Contrastively trained vision-language models such as CLIP provide strong zero-shot transfer by aligning images and text in a shared embedding space. However, adapting these models to downstream tasks without degrading their open-vocabulary generalization remains challenging. Existing parameter-efficient adaptation methods typically improve task specialization through learned prompts, adapters, or multimodal transformations, where adaptation capacity is primarily expressed through additional trainable parameters. Inspired by recent latent reasoning methods in language models, we investigate a complementary perspective: can adaptation emerge from iterative reasoning on latent representations rather than from increasing parameter count alone? We introduce PERL (Parameter-Efficient Reasoning in CLIP Latent Space), a lightweight adaptation framework that augments a frozen CLIP model with a compact shared reasoning module applied recurrently across refinement steps. At each step, PERL generates a latent reasoning token conditioned on the current representation and injects it into an intermediate encoder layer, progressively refining higher-level semantic representations while preserving CLIP's pretrained multimodal structure. Across 15 benchmarks spanning base-to-novel generalization, cross-dataset transfer, and out-of-distribution ImageNet variants, PERL achieves the best parameter-performance trade-off among the compared methods under a fast-adaptation few-shot setting, combining strong novel-class accuracy and competitive transfer performance with only about 6K trainable parameters, up to 817x fewer than the largest compared approach. Overall, our results suggest that iterative latent reasoning provides a complementary adaptation mechanism to parameter scaling in discriminative vision-language models.

Editorial analysis

A structured set of objections, weighed in public.

Desk editor's note, referee report, simulated authors' rebuttal, and a circularity audit. Tearing a paper down is the easy half of reading it; the pith above is the substance, this is the friction.

Referee Report

2 major / 2 minor

Summary. The manuscript introduces PERL, a parameter-efficient adaptation framework for frozen CLIP vision-language models. It augments the model with a compact shared reasoning module (~6K trainable parameters) that is applied recurrently: at each refinement step the module generates a latent reasoning token conditioned on the current representation and injects it into an intermediate encoder layer, with the goal of progressively refining higher-level semantics while preserving the pretrained multimodal alignment. The central empirical claim is that this approach achieves the best parameter-performance trade-off across 15 benchmarks (base-to-novel generalization, cross-dataset transfer, and ImageNet OOD variants) in a fast-adaptation few-shot setting, outperforming or matching prior methods while using up to 817× fewer parameters.

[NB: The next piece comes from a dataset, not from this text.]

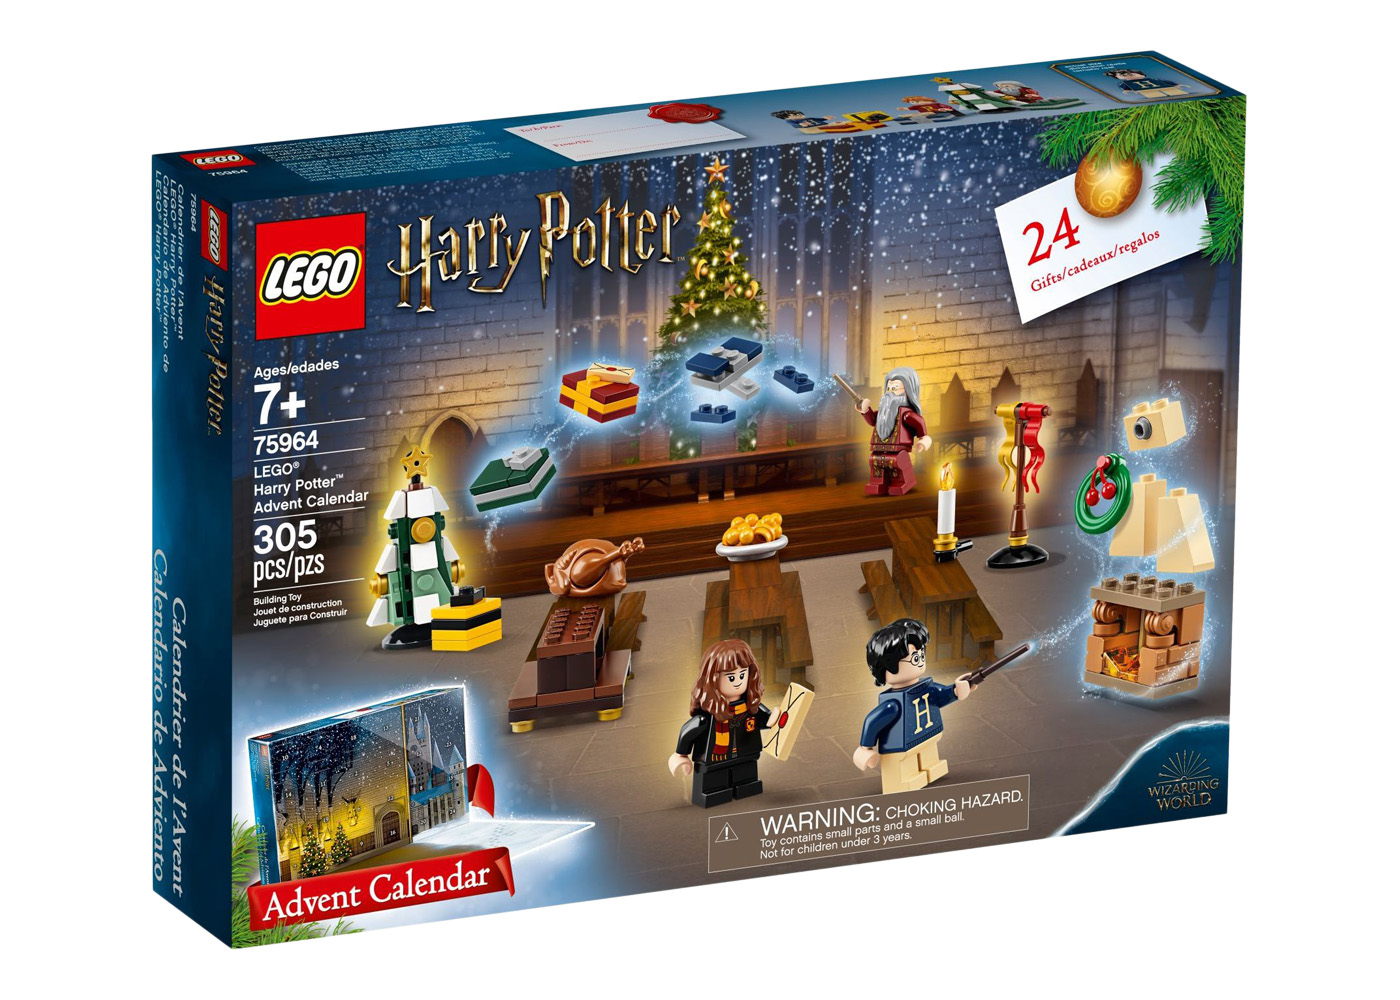 LEGO Harry Potter Hogwarts Crests Set 31201 - GB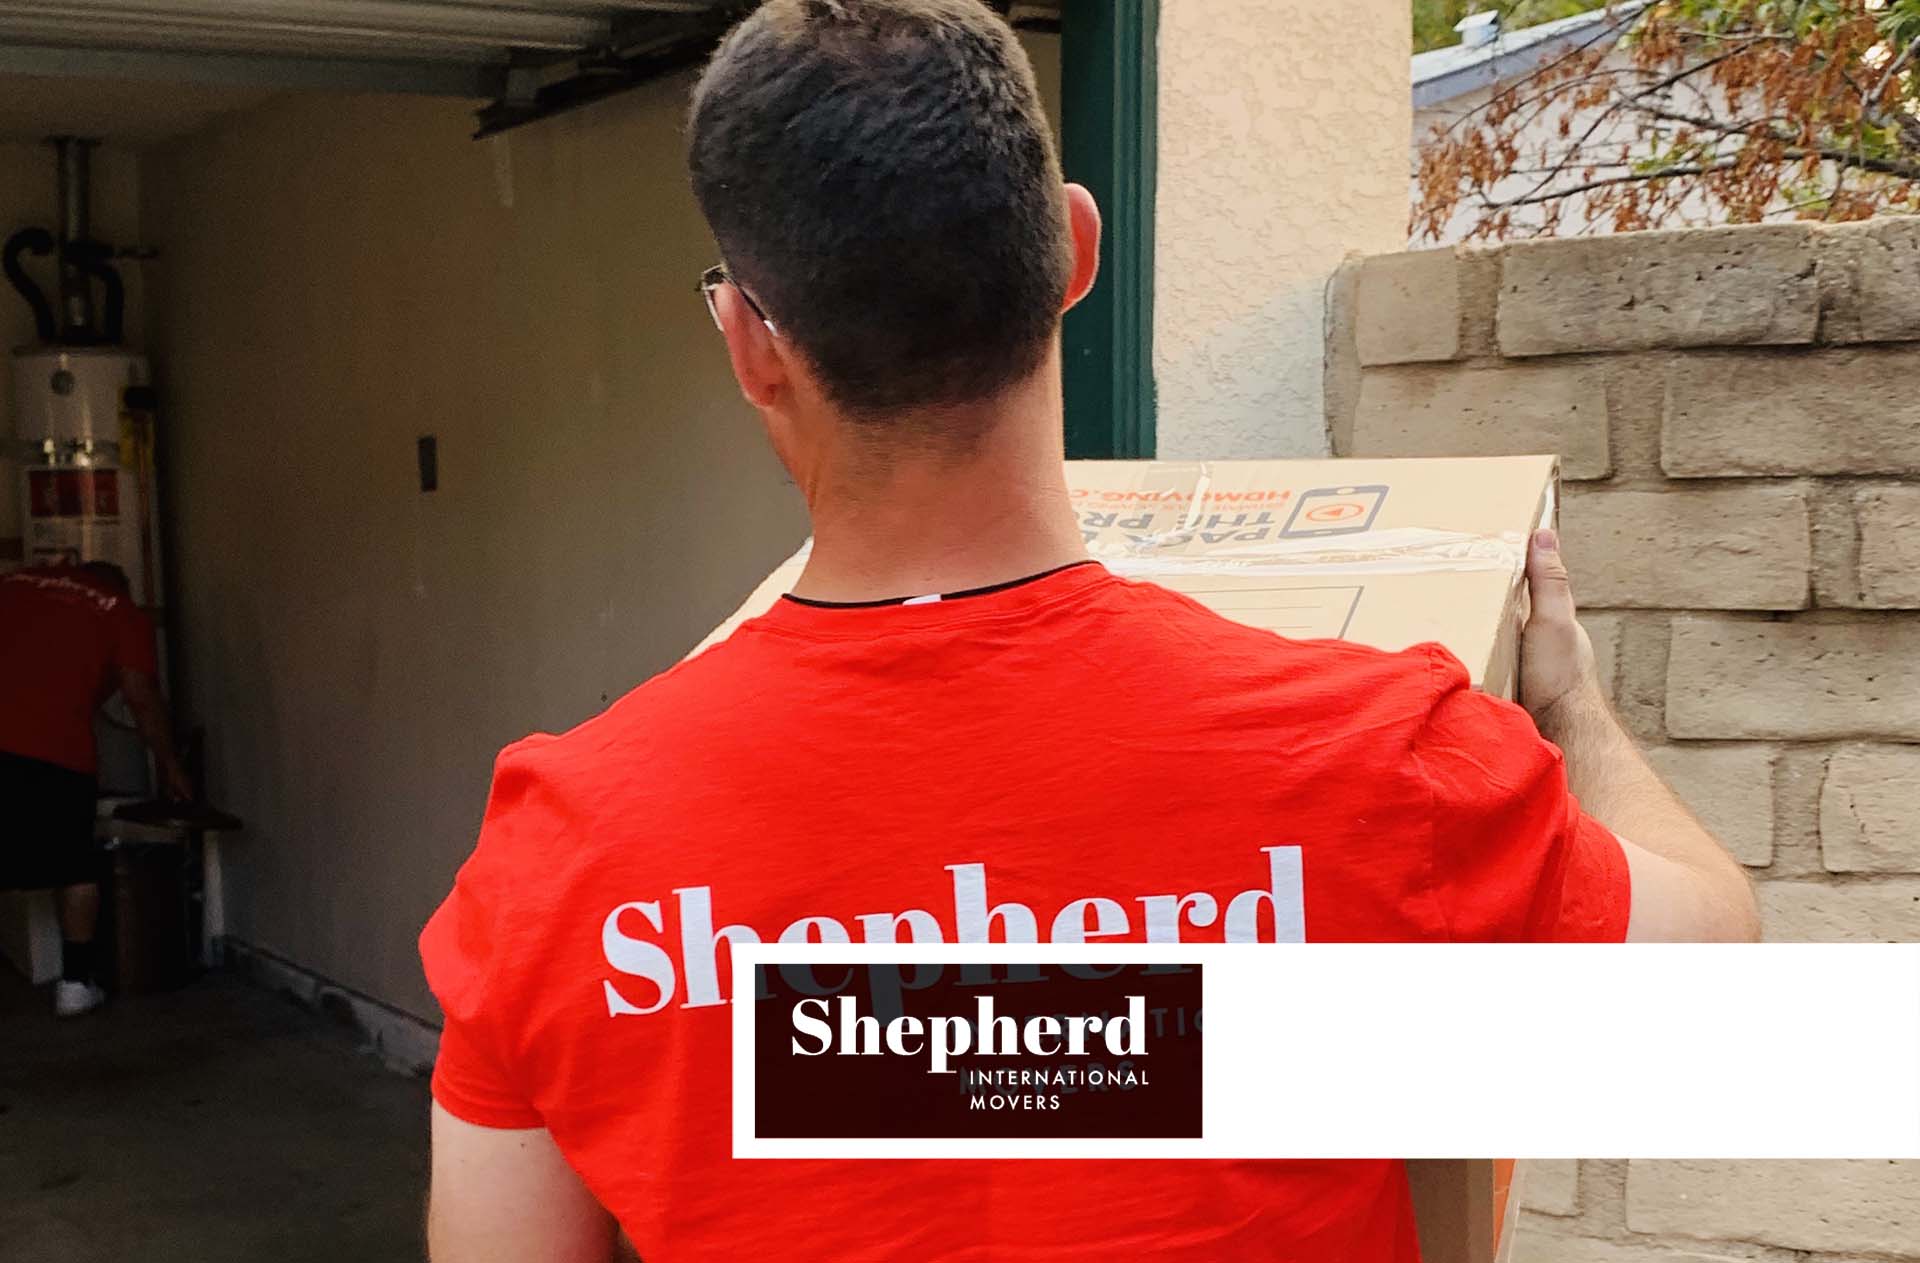 Shepherd International Movers

Significance. If the performance claims and the preservation of alignment are substantiated, the work would demonstrate that iterative latent-space reasoning can serve as a complementary adaptation mechanism to parameter scaling in discriminative vision-language models, enabling strong generalization with extremely low parameter budgets.

major comments (2)
  1. [Method] Method section (description of recurrent injection): the claim that recurrent application of the shared reasoning module 'progressively refines higher-level semantic representations while preserving CLIP's pretrained multimodal structure' is load-bearing for the central contribution, yet the manuscript provides no direct verification (pre/post cosine similarities between image and text embeddings, or zero-shot transfer ablations before and after refinement steps). Downstream accuracy numbers alone cannot distinguish true reasoning from task-specific drift.
  2. [Experiments] Experiments section (benchmark results): the reported best parameter-performance trade-off rests on comparisons with prior methods, but without an ablation that isolates the effect of the number of recurrent steps (e.g., 1-step vs. 3-step vs. 5-step) on both novel-class accuracy and zero-shot transfer capability, it remains unclear whether additional steps improve or erode the pretrained alignment.
minor comments (2)
  1. [Method] The notation for the latent reasoning token and its injection point should be formalized with an equation or pseudocode block to make the recurrent update rule unambiguous.
  2. [Experiments] Table captions and axis labels in the main results figure should explicitly state the number of shots and the exact parameter counts for each baseline to facilitate direct comparison.

Simulated Author's Rebuttal

2 responses · 0 unresolved

We thank the referee for their detailed and constructive feedback on our manuscript. We address each of the major comments below, providing clarifications and indicating where we will incorporate revisions to strengthen the paper.

read point-by-point responses
  1. Referee: [Method] Method section (description of recurrent injection): the claim that recurrent application of the shared reasoning module 'progressively refines higher-level semantic representations while preserving CLIP's pretrained multimodal structure' is load-bearing for the central contribution, yet the manuscript provides no direct verification (pre/post cosine similarities between image and text embeddings, or zero-shot transfer ablations before and after refinement steps). Downstream accuracy numbers alone cannot distinguish true reasoning from task-specific drift.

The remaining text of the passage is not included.